The amount of legal and policy data that is available to us gives us an extremely useful tool to navigate different types of legal issues we see in society today. For our project, we have used this data to understand different correlations or implications of the intersection between Terry stops and demographic background. This data can be useful in uncovering the injustices that are inherently bred into American law, but it’s also important to note the nuanced details that data science can sometimes miss. The social, contextual, and ethical factors that play a role in data science can sometimes be misconstrued or devalued when using it as a tool to understand legal and social issues. Therefore, it is imperative that we not only use data to inform our decisions and policies, but also to use societal factors and contextual information to inform the data that we are analyzing.

There are obviously many issues that have been brought to the surface in society, whether it relates to race, social status, or income. Data helps us understand subtle correlations that arise when looking into these issues. But there can also be many issues in data collection and sourcing where the data misses key concepts and social practices. In our project, we look at the data on Terry stops and how racial background can affect who is pulled over or who is pulling over who. But when looking at the categories and numerical indicators of these suspects and officers, we don’t get insight into the context of each situation, the dynamics between the officer and subject, or the history and background of each person. Data misses many of these points, so ethically it can be difficult to critically conclude that an officer’s race will affect who they stop or a subject’s race will affect whether they are stopped or not.

These implications point to the fact that policy must be informed by both data and social factors. Both sides lack crucial information in determining the full extent of different situations. On one hand, data is extremely useful in helping us navigate different dynamics and correlations in legal policies. On the other hand, social and contextual factors help us deeply understand the implications behind how these legal policies are enacted, and this information can be missed in data. Future research must address that data science can provide incredible insights, but it must also be socially informed.

Future Areas of Research

Based on the research and analysis we have done, we’ve found that discrimination may not be a large factor in Seattle when officers are stopping suspects. We found that a majority of suspects being stopped were White, followed by African American. This may be due to the population composition of Seattle, but overall there seems to be little discrimination in this stop data. However, one interesting factor we discovered was that only 7% of Seattle’s population consisted of African American people, yet African Americans made up around 34% of the Terry stops and were the second most likely ethnic group to be pulled over.
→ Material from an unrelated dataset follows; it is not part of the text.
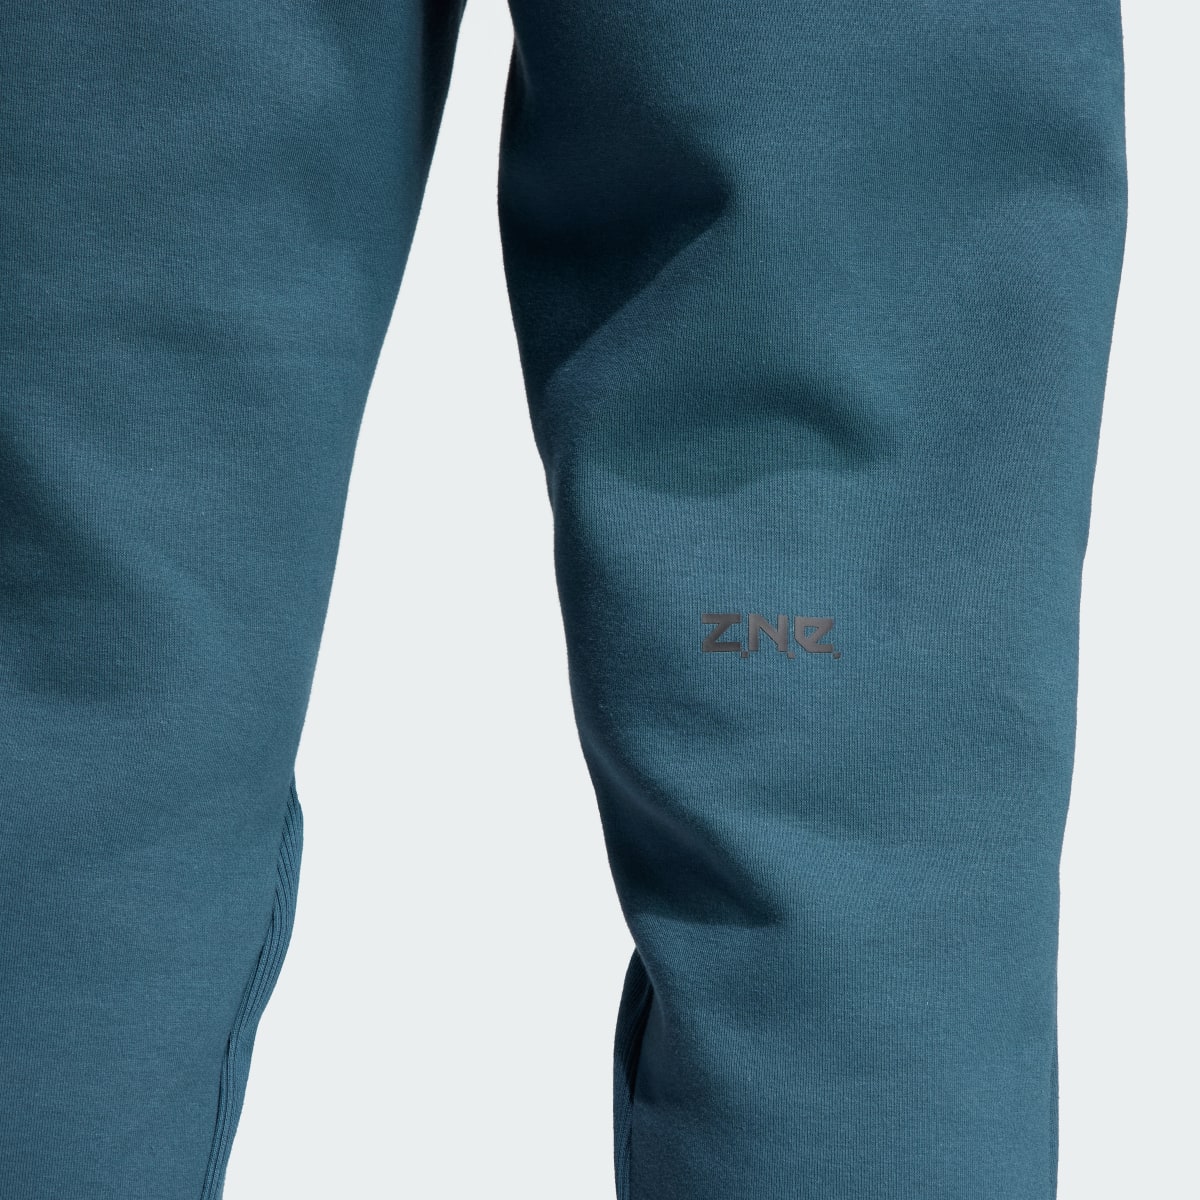 Adidas Pants Z.N.E. Premium. 8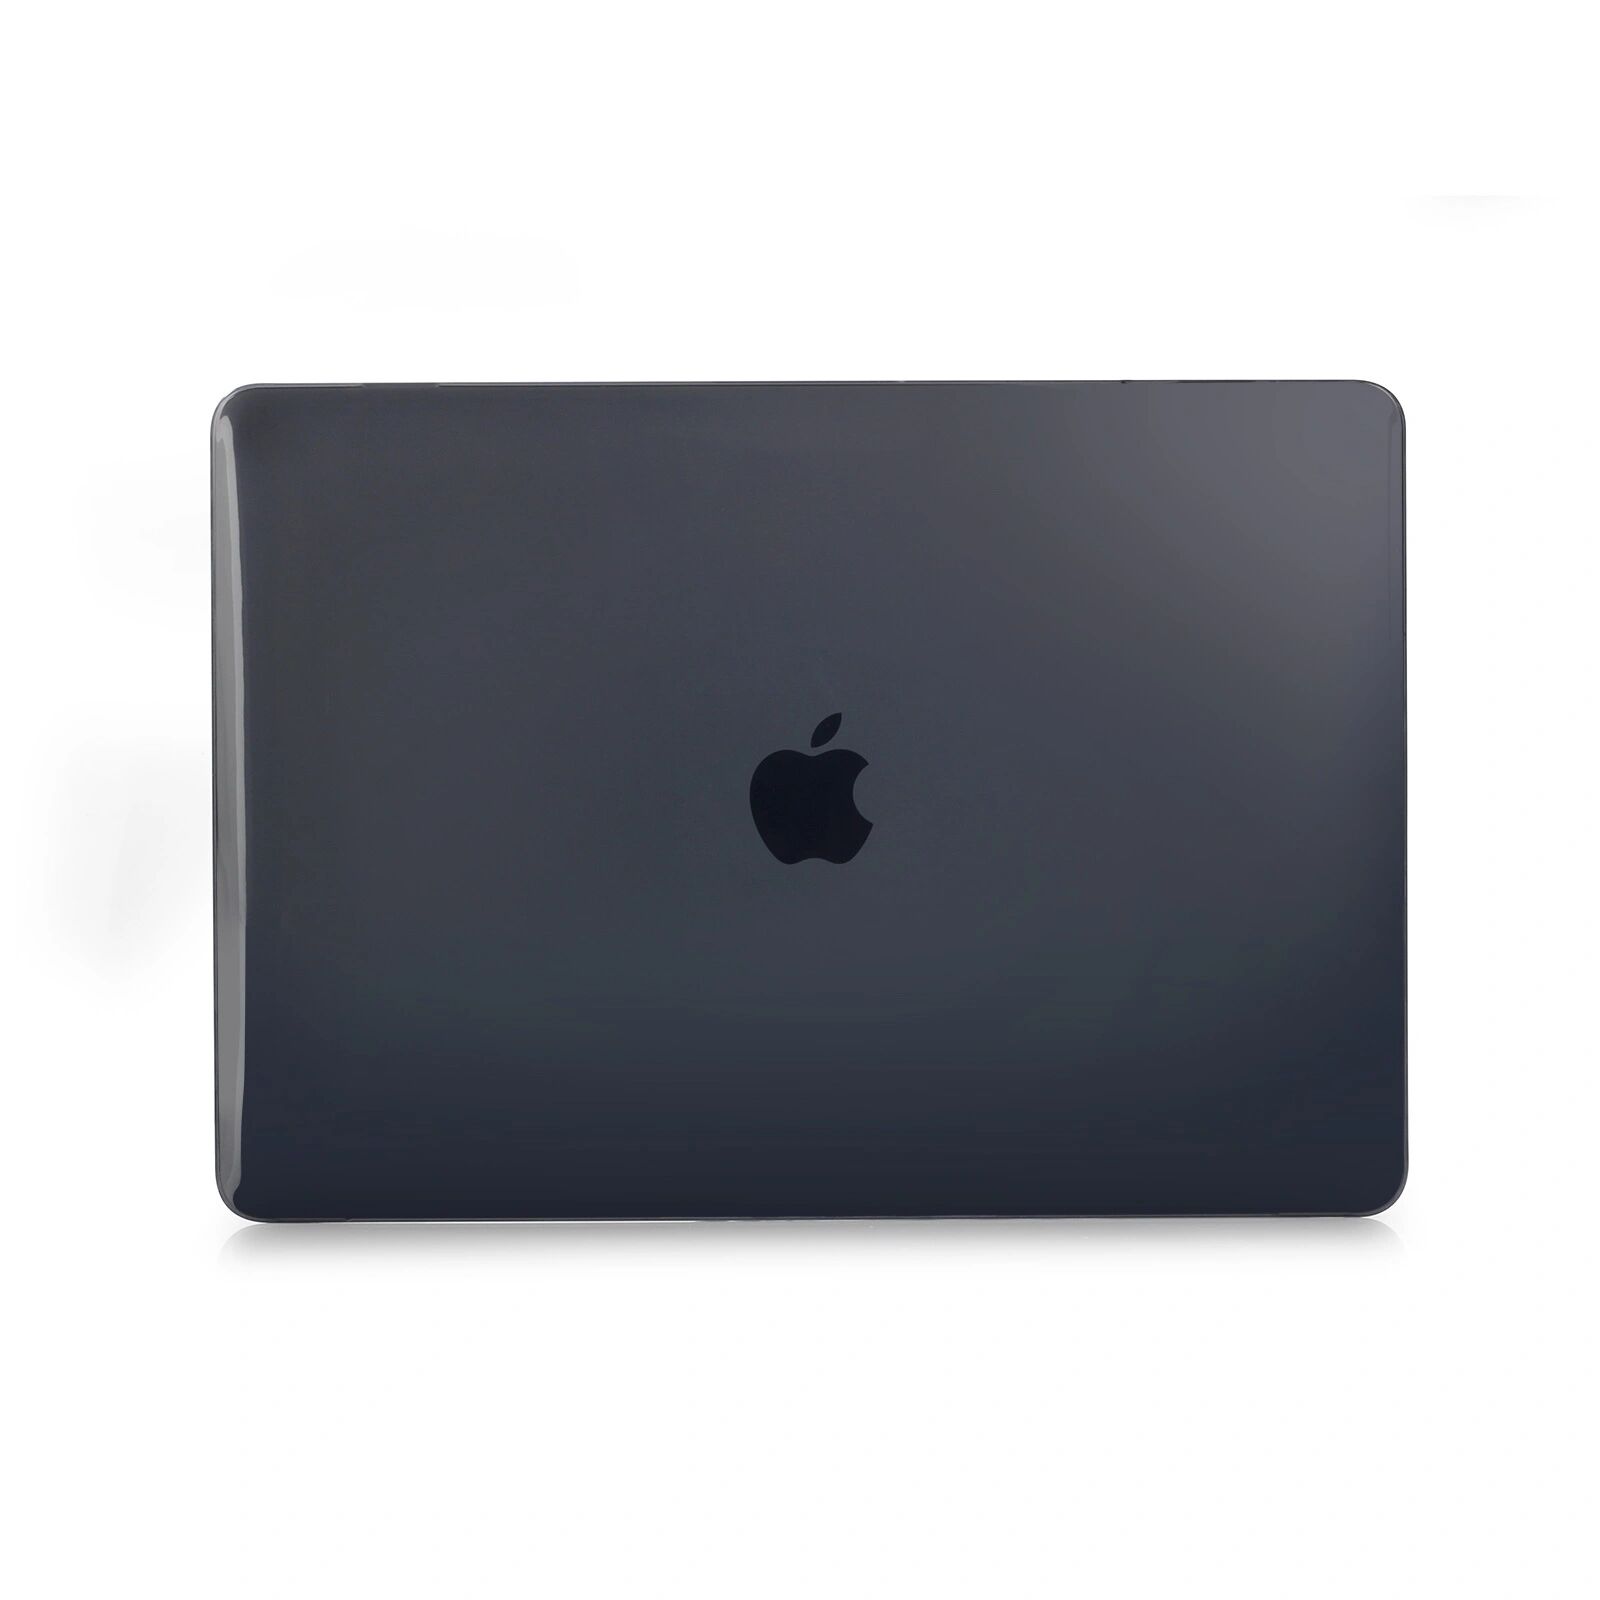 iPouzdro.cz Ochranný kryt na MacBook 12 - Crystal Black

These findings incite the question of whether other factors are playing a role in the conduction of terry stop in Seattle. Future research could look at the intersection of race and other factors (such as income, social status, etc.) and how the combination of factors may be affecting whether or not a suspect is stopped. It would also be interesting to look into how timing may affect stops. For example, it could be very possible that current events have a large impact on whether officers will pull over a suspect and the frequency of stops based on race or other factors could increase or decrease based on the current events. Overall, future research should consider looking into the duality of race and other factors and how it affects the conduction of terry stops as well as contextual and social factors that may influence the frequency of Terry stops.